Окно открыли. Глухой шум экипажей, стук и дребезжанье колес, смешанный гул кучеров и мальчишек — все эти звуки многочисленной толпы, преданной своим ежедневным занятиям, быстро прихлынули в комнату и слились в один общий рокот. Временами громкий крик праздной толпы превращался в неистовый хохот, и тут же слышался отрывок из песни какого-нибудь кутилы, возвращавшегося из таверны, — сцены обыкновенные на поверхности волнующегося моря человеческой жизни. Грустно и тошно становится на душе, когда вы рассматриваете их при своем нормальном состоянии души и тела: какое же впечатление должны были произвести звуки на человека, стоявшего одной ногой на краю могилы!

— Нет здесь воздуха, — сказал больной слабым и едва слышным голосом. — Здоров он и свеж на чистом поле, где, бывало, гулял я в свои цветущие годы; но жарок он, душен и сперт в этих стенах. Я не могу дышать им.

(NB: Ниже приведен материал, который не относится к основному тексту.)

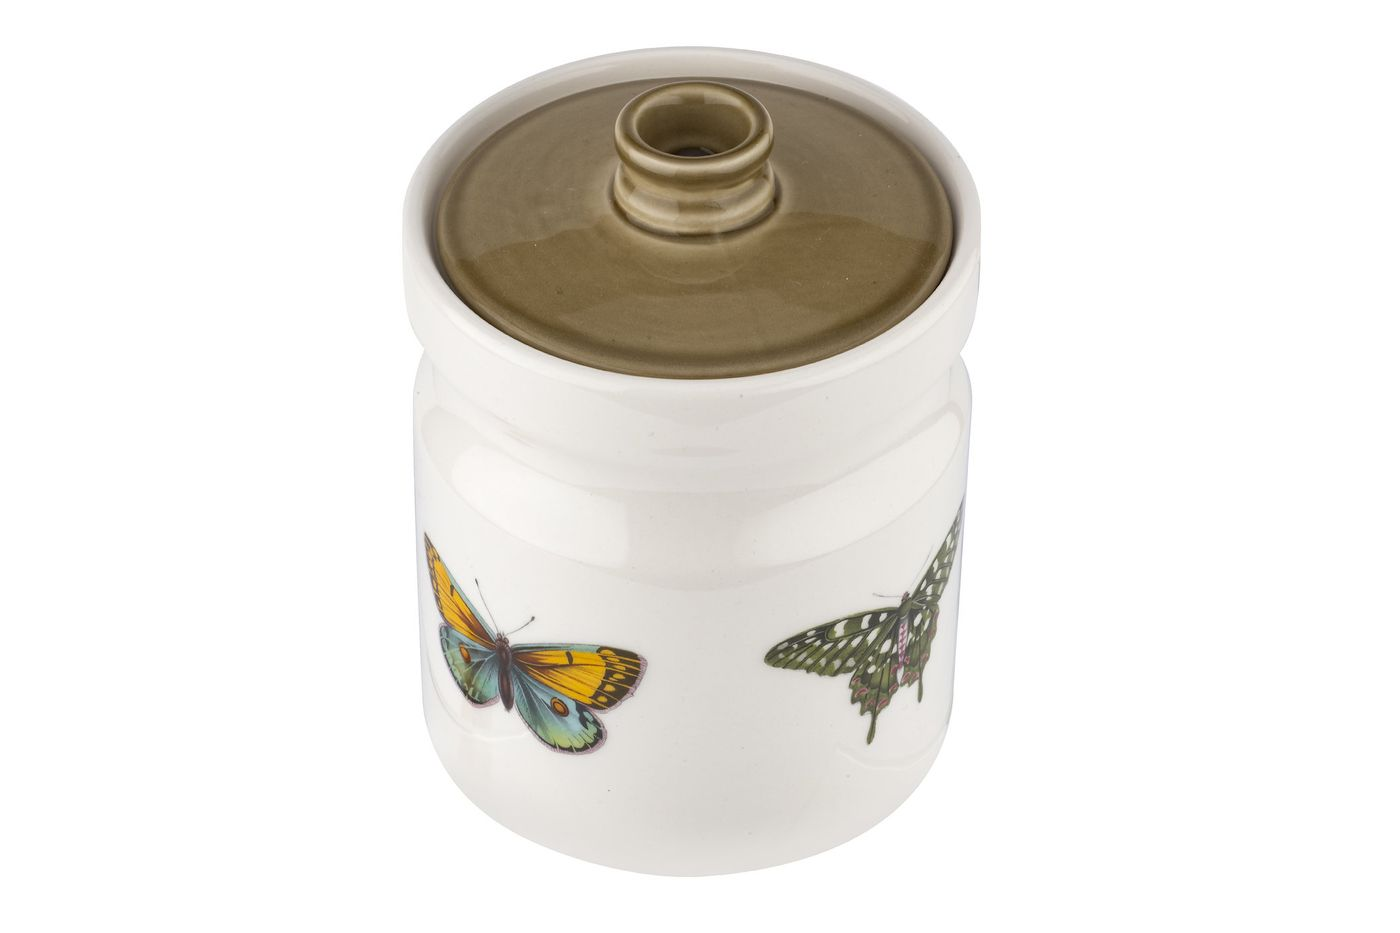 Portmeirion Botanic Garden Harmony Storage Jar + Lid 14cm thumb 2

— Мы дышали им вместе, старый товарищ, много лет и много зим, — сказал старик. — Успокойся, мой друг.

Наступило кратковременное молчание, и тем временем мистер Пикквик подошел к постели в сопровождении мистера Рокера. Больной притянул к себе руку своего старого товарища и дружески начал пожимать ее своими руками.

— Я надеюсь, — говорил он, задыхаясь, таким слабым голосом, что предстоящие слушатели должны были склонить свои головы над его изголовьем, чтобы уловить неясные звуки, исходившие из этих холодных и посинелых губ, — надеюсь, милосердный Судья отпустит мне мои прегрешения, содеянные на земле. Двадцать лет, любезный друг, двадцать лет страдал я. Сердце мое разрывалось на части, когда умирал единственный сын мой: я не мог благословить его и прижать на прощанье к своему родительскому сердцу. Страшно, ох, страшно было мое одиночество в этом месте. Милосердный Господь простит меня. Он видел здесь на земле мою медленную и тяжкую смерть.

Наконец, больной скрестил свои руки и старался произнести еще какие-то звуки; но уже никто более не мог разгадать их смысла. Затем он уснул, и отрадная улыбка появилась на его устах.